The AK-47: a malevolent ‘super-power’ that changed the course of history
The Avtomat Kalashnikova 1947 model is arguably the world’s deadliest ever weapon. Len Williams finds out why it has become so widespread, being used in conflicts around the world, most recently during the war in Ukraine
When I lived in southern Sudan, I would hear bursts of [AK-47] gunfire at night three or four times per week,” recalls David Lochhead, senior researcher at the Geneva-based Small Arms Survey. “If it was just a three-round burst, you knew it was nothing to worry about,” he says, because shooting off a few bullets is simply an extravagant form of greeting among some Sudanese. It was when the firing became more sustained that Lochhead would start to worry.
The AK-47 is surely the most recognisable rifle in the world. The gun, with its banana-shaped magazine, is used by professional armies, militias, criminals and revolutionaries the world over. Estimates vary, but it’s believed there are at least 100 million of them in circulation today, and countless people have been killed or maimed by the weapon.

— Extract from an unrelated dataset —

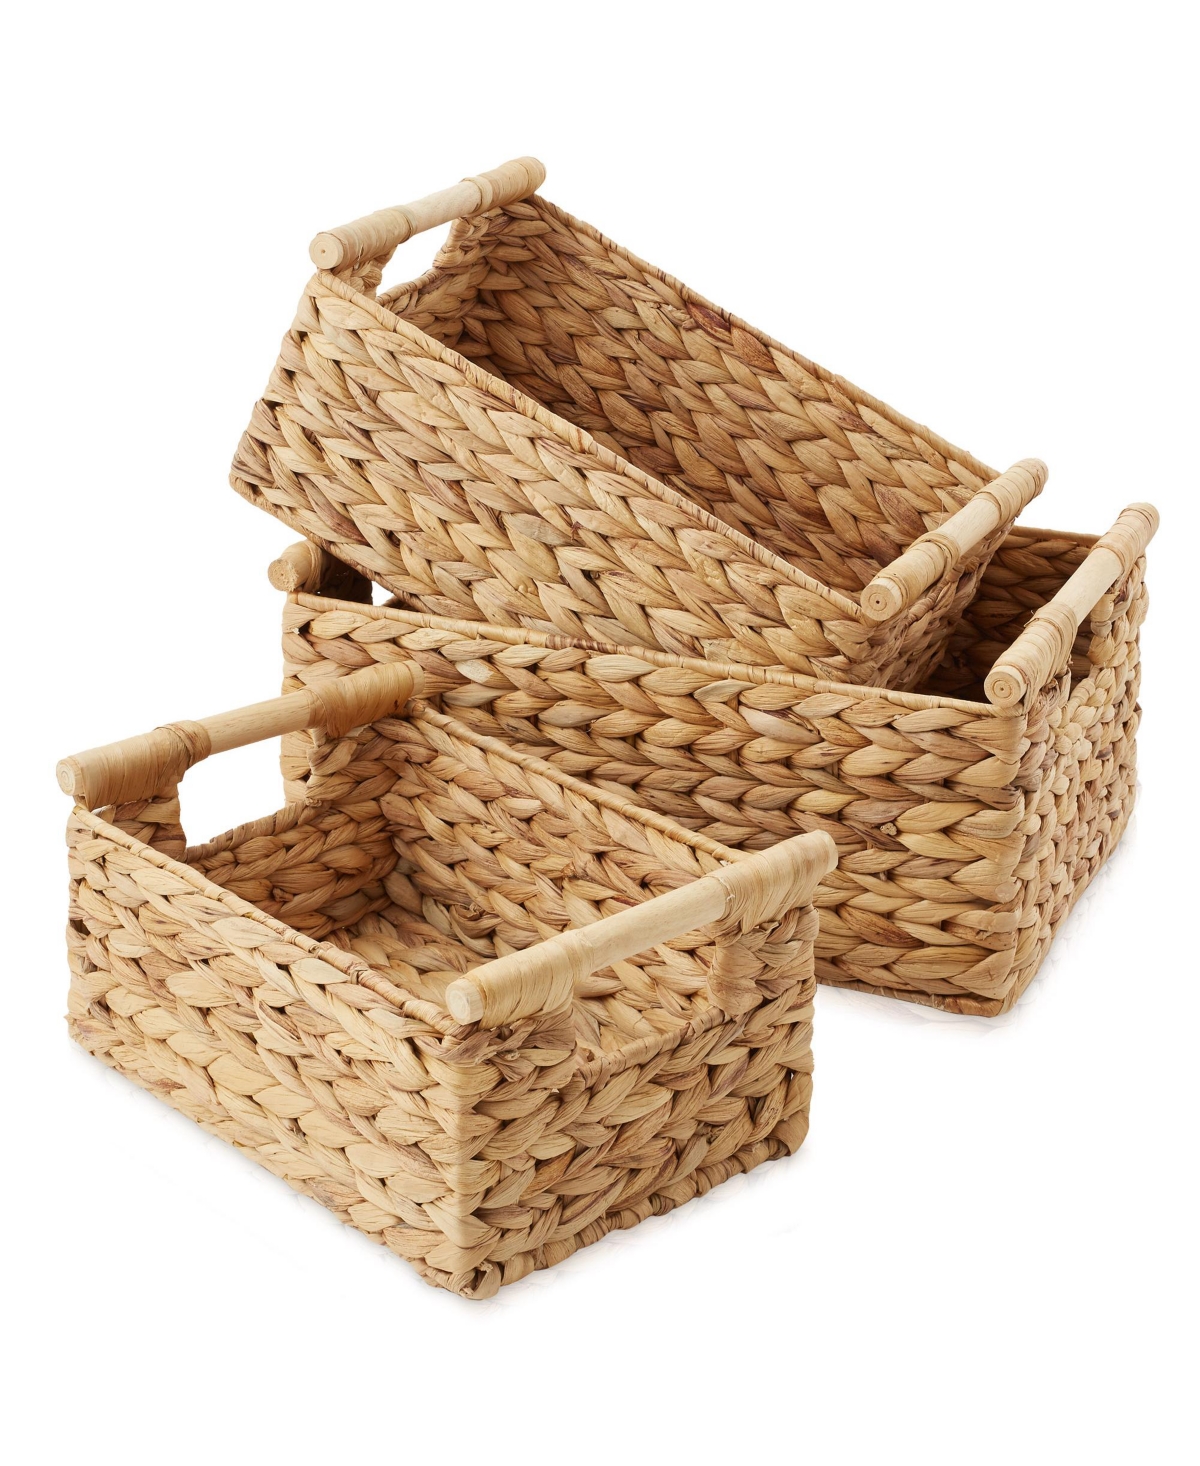 (Set of 3) Water Hyacinth Rectangular Storage Baskets with Wooden Handles - Small, Medium, Large Woven Nesting Baskets - Natural - hyacinth

Its cultural cachet is immense, too – it appears in computer games, films, music videos, even on the national flag of Mozambique. In many countries, it has attained the status of a prized heirloom. For instance, Lochhead says, in East African pastoralist cultures, the weapon is passed down between generations, just as family swords would have been in the past. “I’ve worked in places where people fire them for celebrations, weddings, or even just to announce ‘I’m back home in the village,’” Lochhead says.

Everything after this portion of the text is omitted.